Air Force calls for armed Euro-made drones

Some German top Air Force brass want to expand their use of unmanned drones – and arm them in the future. Plans for European drone development are gaining support from those who want more independence from US military technology.

Air Force calls for armed Euro-made drones
Photo: DPA

Currently, Germany uses three unarmed drones for reconnaissance purposes in Afghanistan’s Hindu Kush mountain range, the Süddeutsche Zeitung newspaper reported on Monday.

But despite a continuing ethical debate over whether or not to use armed drones – as the US military does in its anti-terrorism campaign – there is support in Germany to move in that direction.

The Commander of the German Air Force, or Luftwaffe maintained in a recent paper called “Air Power 2030” that there should be no question over Germany’s use of the capabilities of unmanned aircraft in “all areas,” including the use of weapons, the newspaper said.

But where Germany will get those future drones remains an open question. The country has a leasing contract for Israeli-built Heron 1 drones that expires at the end of 2014.

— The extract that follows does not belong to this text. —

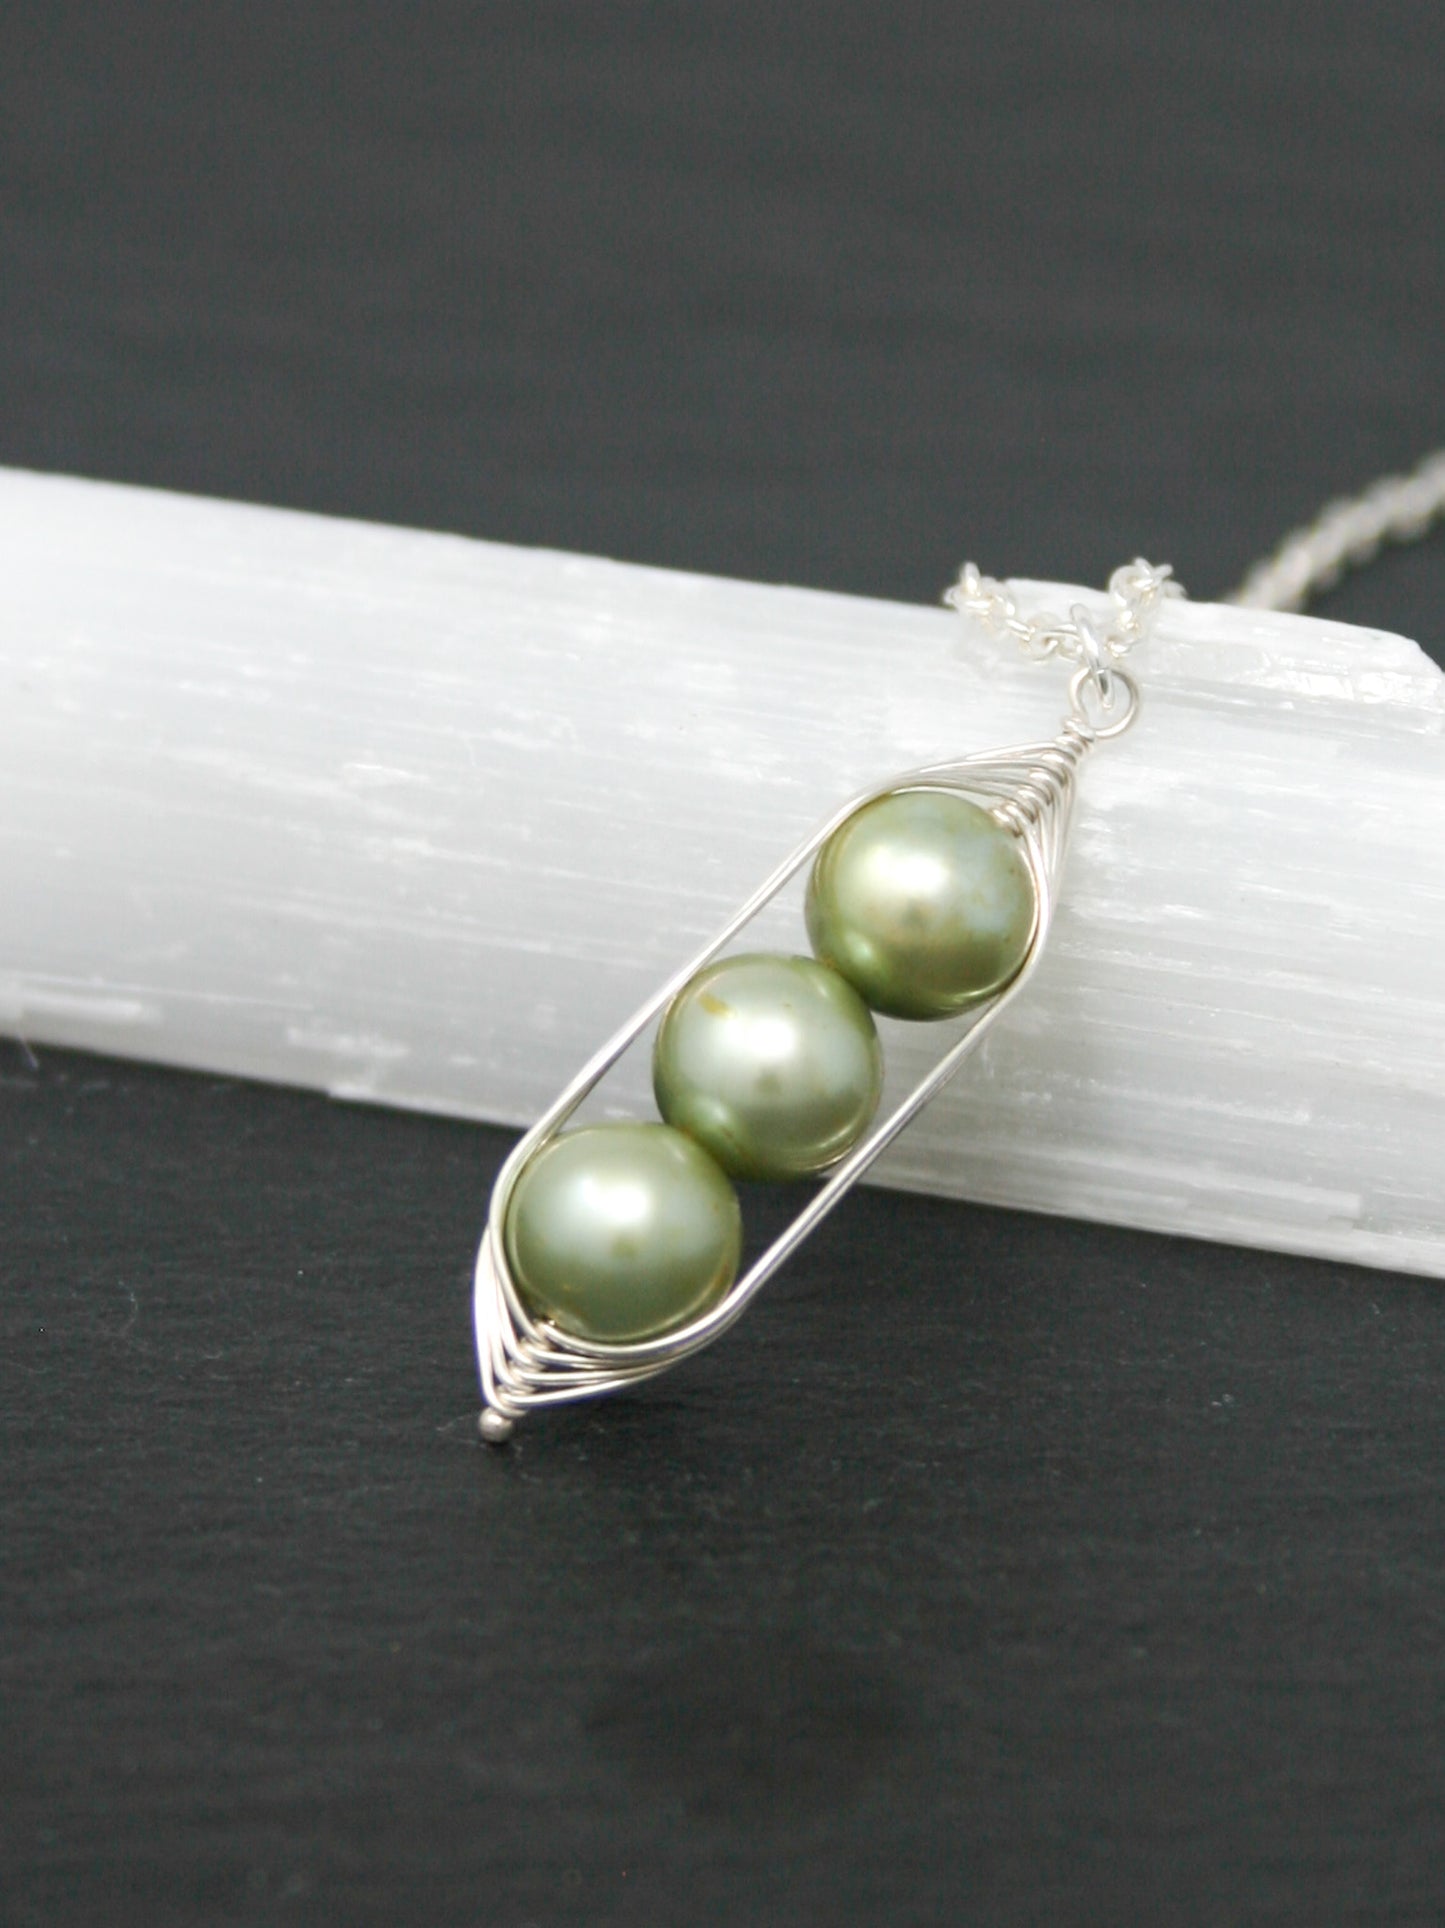 Three peas in a pod necklace [made to order]
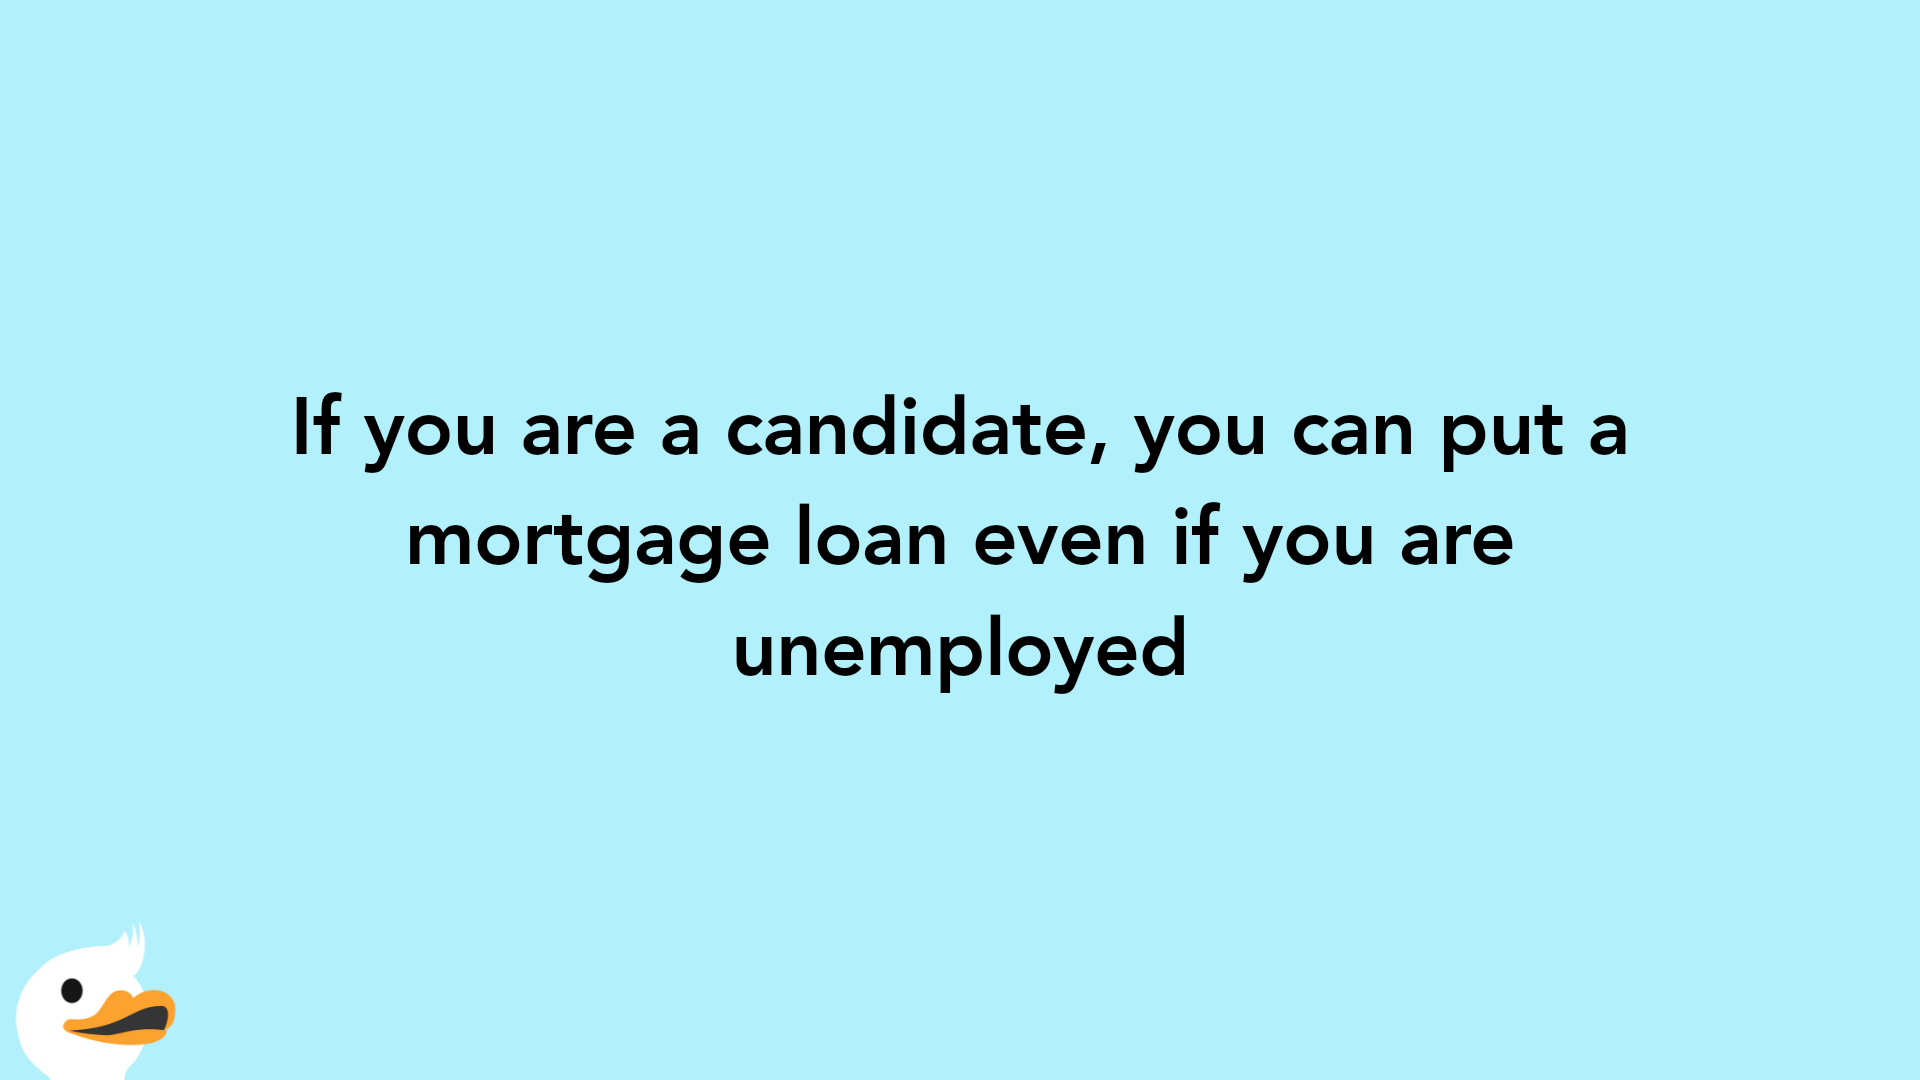 If you are a candidate, you can put a mortgage loan even if you are unemployed

Defence Minister Thomas De Maizière and most specialists in the ruling coalition of Christian Democrats (CDU), Free Democrats (FDP), and the Christian Social Union (CSU), as well as some members of the opposition Social Democrats (SPD), want a long-term and multinational collaboration to develop European “unmanned aerial vehicles,” the paper reports.

France and Germany already have signed a corresponding letter of intent.

The Air Force’s Commander, Lieutenant General Karl Müllner, supports a purchase of the US Predator B drones, because they are regularly available, are a proven quantity, and are used by many NATO partners, the Süddeutsche Zeitung said.

But some politicians broth both the CDU and SPD argue that the purchase of US drones would deter development of a European drone, which they hope will reduce German dependence on US technology. The Defence Ministry has allotted €660 million over the next four years for the development of European unmanned aerial vehicles.

The parliamentary commissioner for the armed forces Helmut Königshaus voiced his strong support for armed drones to the Süddeutsche Zeitung.

“If our soldiers had the availability of armed drones, they would no longer have to look on helplessly when our own people are being threatened, but instead could attack and drive out their opponents without harming their own units,” he said.